6. How does the WebSocket reconnection logic work?

useBlockchainWebSocket in src/lib/useBlockchain.js opens a connection to Blockchain.info, subscribes to unconfirmed_sub and blocks_sub, and listens for tx and block events. If the socket closes or errors, an exponential backoff retries with a cap, and a visibilitychange handler pauses the stream when the tab is hidden so users don't burn bandwidth. If no block arrives within a timeout window, the hook falls back to polling Mempool.space for recent blocks so the Live page always shows something fresh.

7. How do you ensure accessibility?

I implemented keyboard navigation throughout, proper focus states for all interactive elements, skip-to-content links, ARIA labels on icon buttons, and sufficient color contrast. The ESLint jsx-a11y plugin catches accessibility issues during development.

8. Why Vercel and Cloudflare instead of a traditional backend?

Cost and simplicity. Vercel's free tier handles the static site hosting and serverless functions (like the /api/mstr MSTR price proxy), and Cloudflare Workers' free tier is sufficient for my other API proxy needs (treasury data, CoinGecko). This serverless architecture means I pay nothing to run the application and have no servers to maintain. When Yahoo Finance broke due to CORS/rate-limiting changes, I was able to add a Vercel serverless function as a same-origin proxy in minutes rather than spinning up a backend.

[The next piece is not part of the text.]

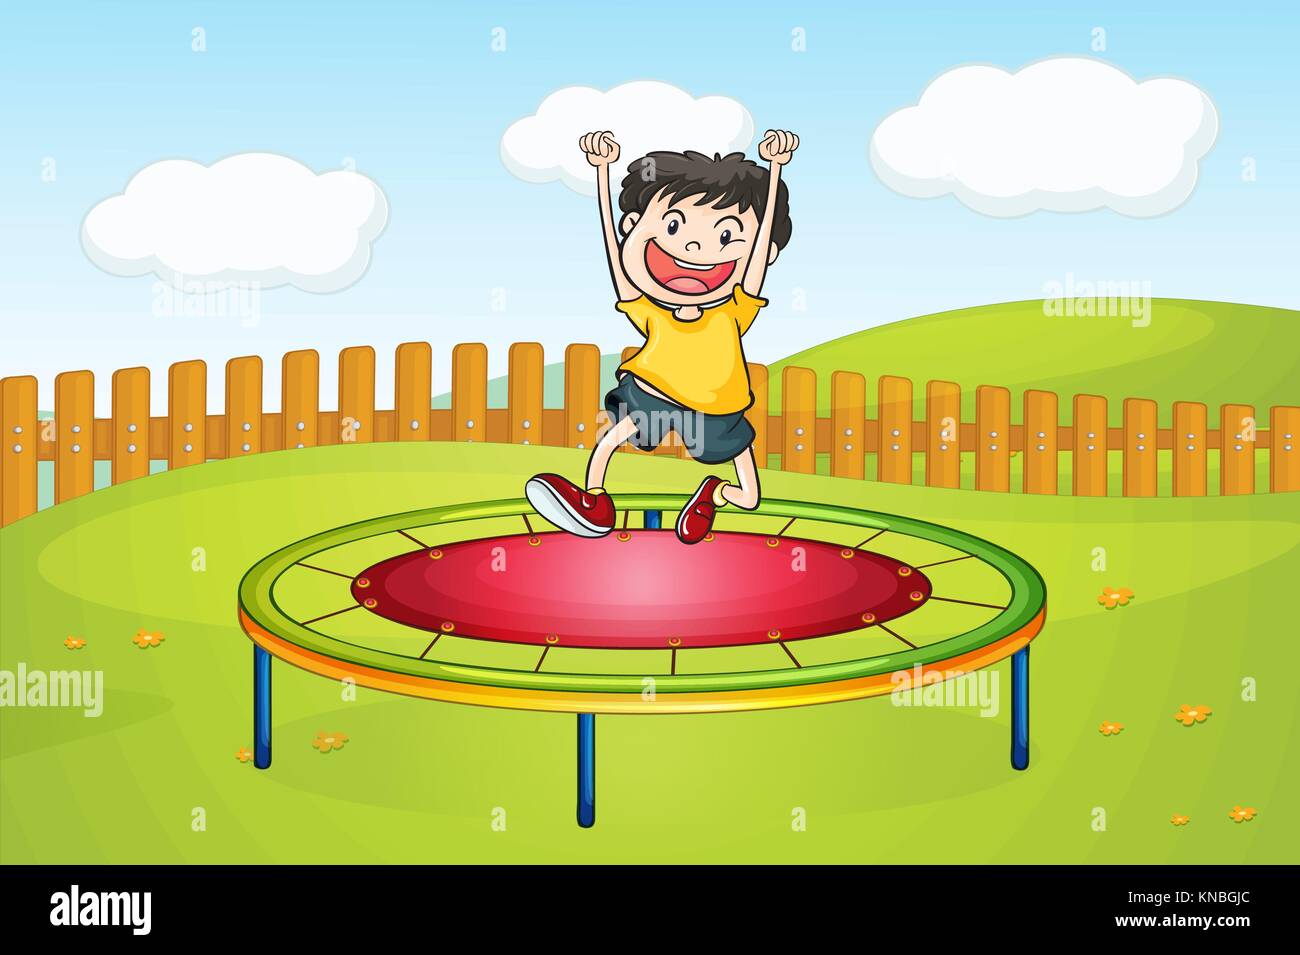 Illustration of a boy jumping on a trampoline in a beautiful nature Stock Vector

9. How current is the corporate treasury data?

The treasury data comes from BitcoinTreasuries.net, which aggregates information from SEC filings, company announcements, and blockchain analysis. My Cloudflare Worker proxy caches this data for 6 hours to reduce load on their servers. I also maintain a comprehensive fallback dataset with 100+ entities that serves data if the API is unreachable. Users can force a cache refresh by appending ?refresh=1 to the URL. For real-time critical decisions, users should verify with primary sources.

10. Does the site have legal and compliance pages?

Yes. I added Terms of Service, Privacy Policy, and Disclaimer pages as static HTML in the public directory. These are linked from the footer in the Layout component, making them accessible from every page.

11. How does the Power Law calculator work?

The Power Law page implements the model price = A * (days_since_genesis ^ n) with parameters fit to historical price data. The chart uses Recharts with a logarithmic Y axis so the curve renders as a straight line, and the calculator accepts an investment date and amount to project a value at a future date. Bitcoin's genesis block (2009-01-03) anchors the day count, and the parameters live alongside the fit metadata in src/lib/bitcoinData.js so they can be re-tuned without touching the page component.